Before I know what’s happening, I can sense a wash of emotions running through me.

Shock and confusion and anger are first – those who I thought were my parents are in fact my aunt and uncle. I feel deceived. Sadness quickly follows, at the realisation of having missed meeting my biological mother. I recall a memory of a time she called our house and Mum asked me to come and speak with ‘an aunty in Greece’. I had refused, claiming there was no point talking with another distant relative I’d never actually meet. That ridiculously immature attitude stabbed at me now. I feel like a fool.

But then the storm clouds clear and excitement is upon me – the thought of having brothers.

‘Brothers,’ I say aloud.

The word doesn’t sound right coming out of my mouth.

My brothers.’ I say the magic word again.

And not just one brother. Two. Stereo.

The questions all come at once. What are my brothers like? How did they feel all these years? What are their birthdays? What are their favourite foods? Their favourite music? Do they dance? Sing? What do they look like? We probably don’t even speak the same first language. Still, I wanted to shout it out, to tell everyone I had siblings. To tell everyone I was suddenly just like them.

Mum leaves the room and returns moments later with a pile of photos.

‘Here,’ she says, ‘Vasilios on the left, Georgios right.’

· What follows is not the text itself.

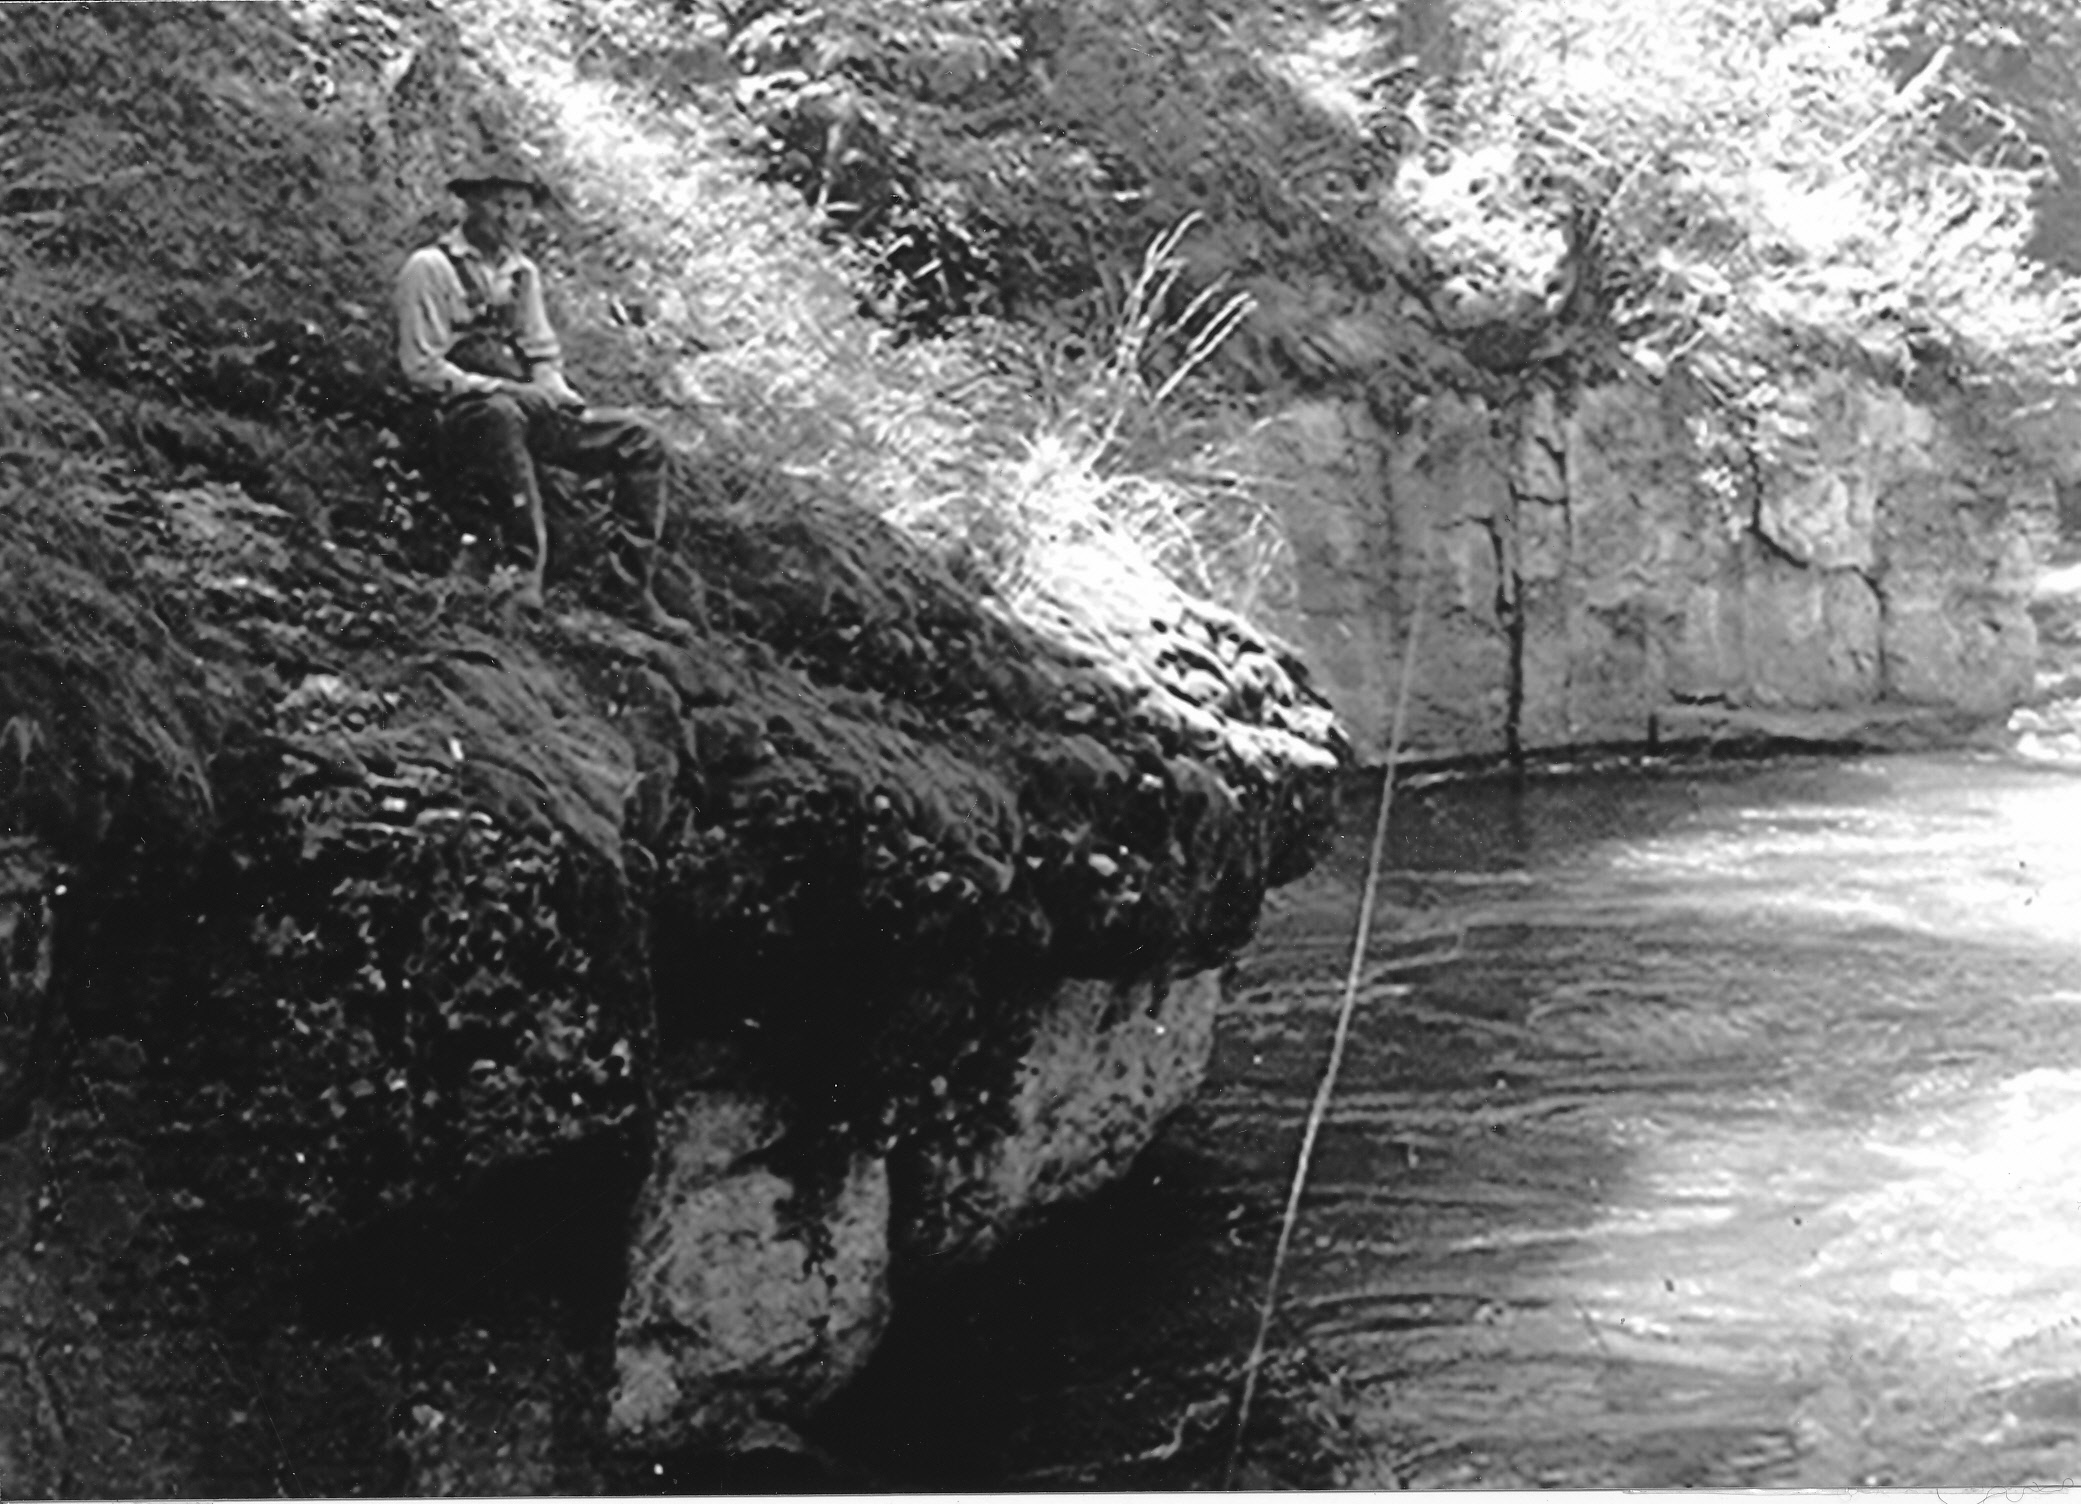 Joe Nelson fishing at The Ledges, 1940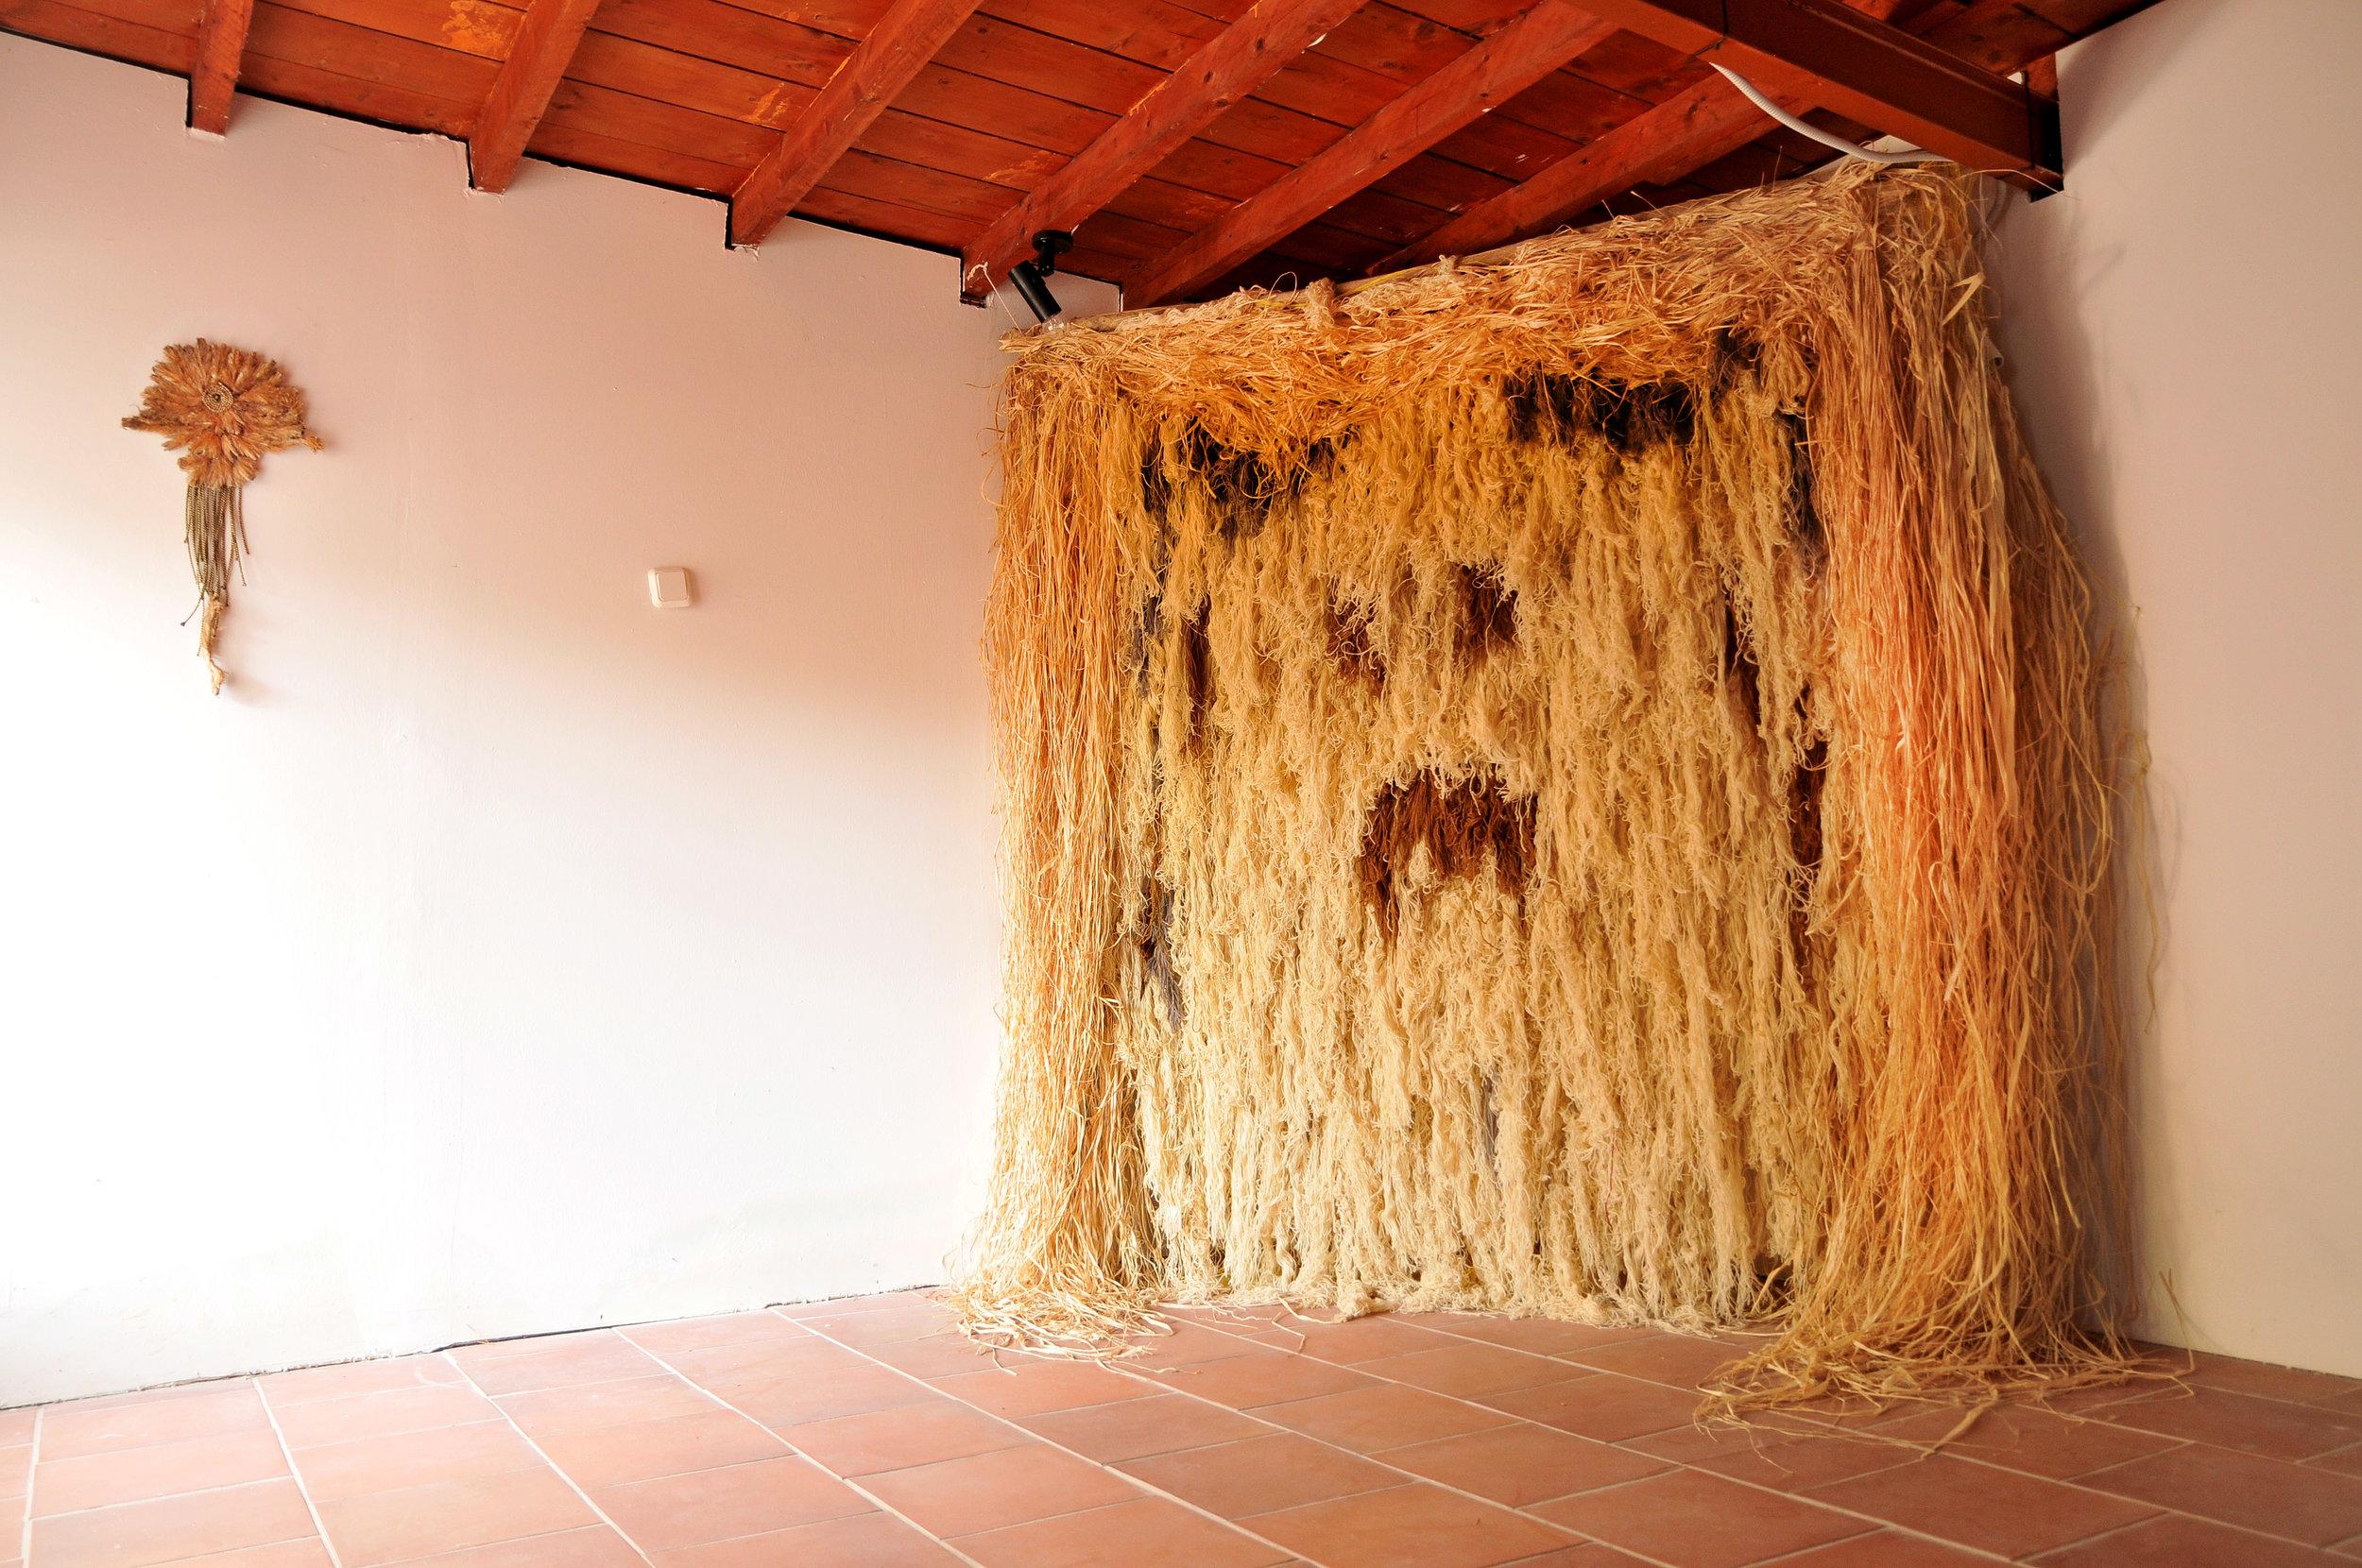 Marina Velisioti, Primitive Dance, Ιnstallation, Folklore Museum, Chora, Samothrace, 2019

Looking at the image, I see my own features. I have Billy’s eyes and nose and Georgios’s mouth and chin.

Mum shows me a photo of my biological father, Savvas. I see a thin, moustached man staring out at me from beneath a slouched cloth hat. His image makes less of an impression; I am, after all, familiar with the notion of a father. But a brother is the really novel thing.

Finally, Mum shows a photo of my biological mother, Anna. I’m shocked to see the likeness she shares with the sister-in-law who had raised me all those years. I feel instantly comforted. Mum. One and the same.

And what of this amazing aunt and uncle, how will I feel about them now? It’s a no-brainer. The same. Although it normally takes two people to bring a life into the world, for me it just happened to be four. Four. Just a number.

The afternoon has been painful on Mum. The moist lines down from her eyes make her face resemble a river delta. How she must’ve worried all those years that someone else had told me the truth before she. It probably played on her thoughts every day. ‘Someone’s told him,’ she would whisper to my dad after I left the room. But now, she’s overcome with relief, which brings me joy.

‘Thank you, Mama,’ I say, and kiss her on the cheek to let her know everything is alright. She smiles. I hug Dad on my way out without any words. I know she’ll tell him later what it was for, I tell myself as I wander off to again gaze upon the photo of my brothers.